Metal–organic frameworks (MOFs) are an interesting class of materials synthesized in a “building-block” that enables tuning for specific applications. However, the enormous number of building blocks makes it challenging to select the best material for a given application. We describe methods using molecular simulation and machine learning to accelerate the selection of top MOFs for applications such as hydrogen storage and adsorption separations.

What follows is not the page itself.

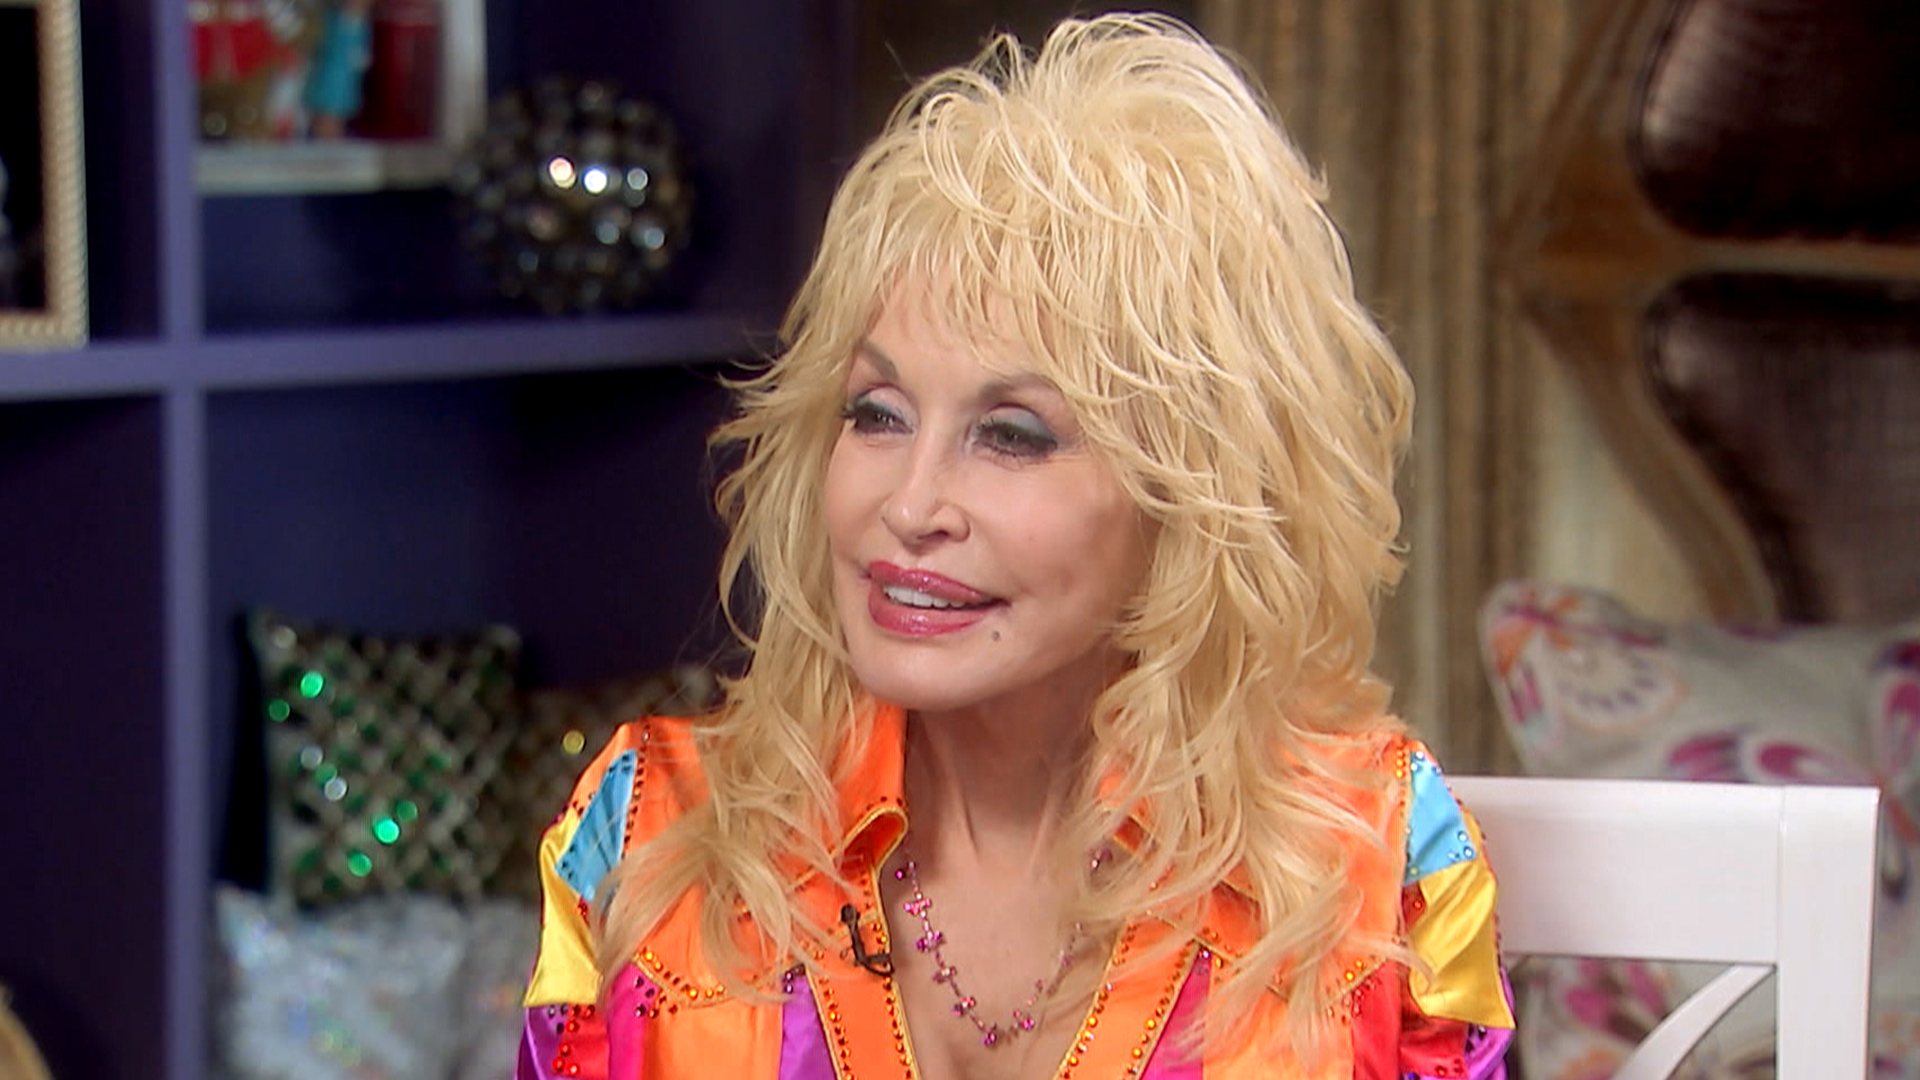 Dolly Parton on ‘Coat of Many Colors’: ‘I’ve been very blessed’ - TODAY.com
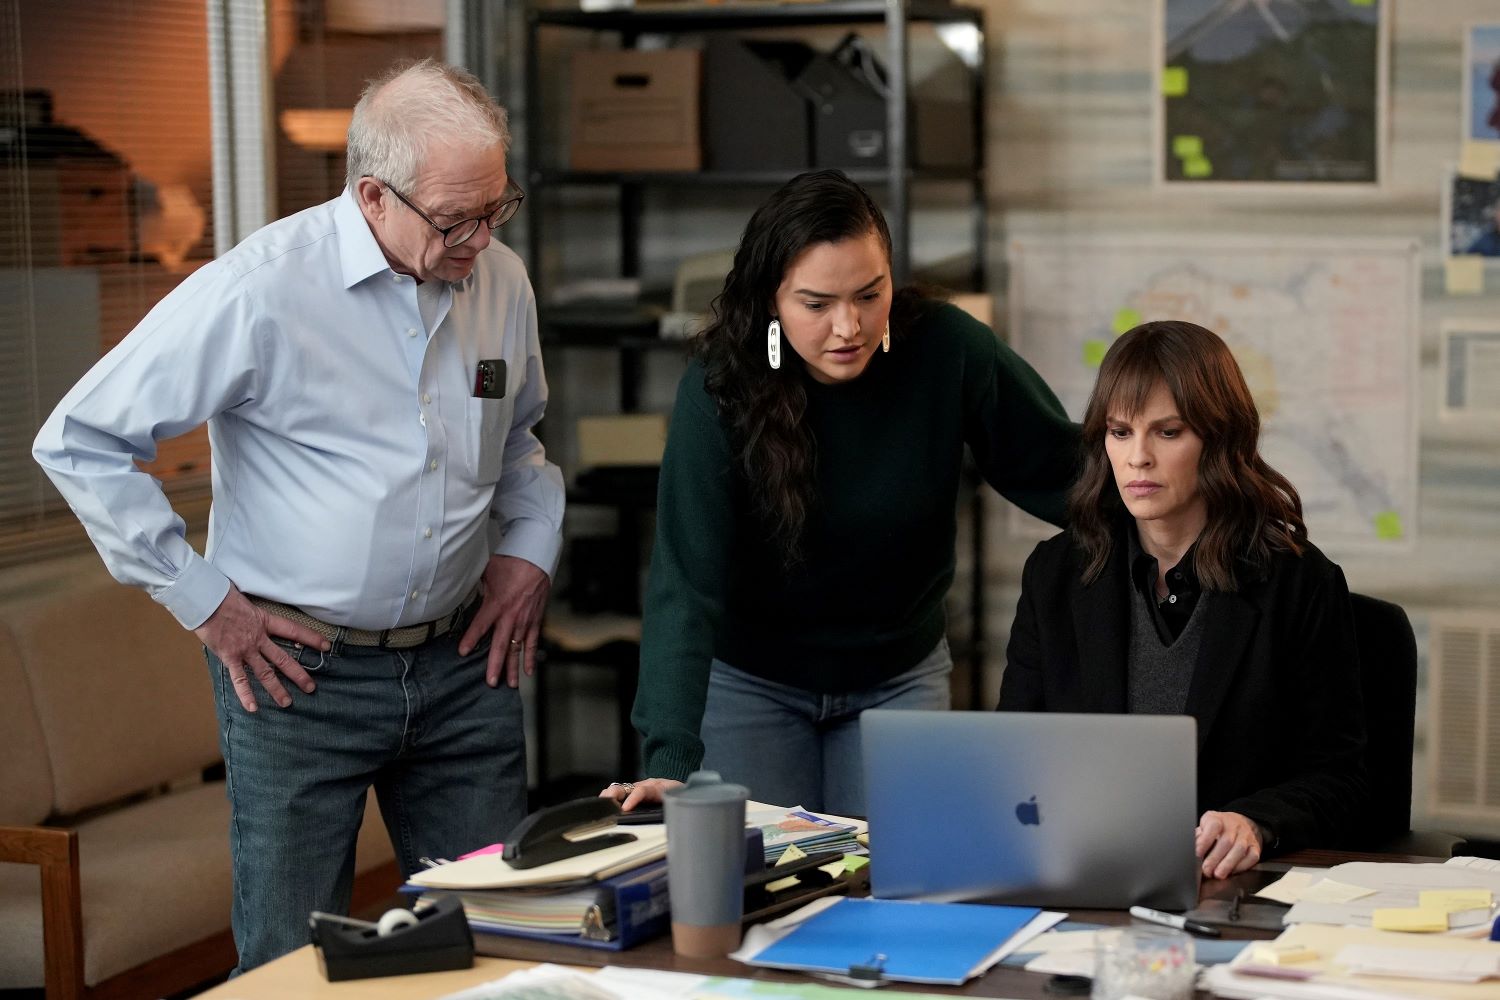 Jeff Perry as Stanley, Grace Dove as Roz, and Hilary Swank as Eileen in 'Alaska Daily' Episode 11.

Aimed at those within the energy industry or those with an interest in energy storage. Delegates will gain an increased understanding of novel energy storage techniques.
Professor Randall Snurr, Northwestern University
Randall Snurr is the John G. Searle Professor and Department Chair of Chemical and Biological Engineering at Northwestern University. His research has been recognized with the Institute Award for Excellence in Industrial Gases Technology from the American Institute of Chemical Engineers and election as a corresponding member of the Saxon Academy of Sciences. His research interests include development of new nanoporous materials for energy and environmental applications, molecular simulation, machine learning, adsorption separations, diffusion in nanoporous materials, and catalysis.
The material presented in this webinar has not been peer-reviewed. Any opinions are the presenter’s own and do not necessarily represent those of IChemE or the Clean Energy SIG. The information is given in good faith but without any liability on the part of IChemE.
A one-hour online session: 40 minutes' presentation + 20 minutes' Q&A.
The presentation will be delivered via GoToWebinar®.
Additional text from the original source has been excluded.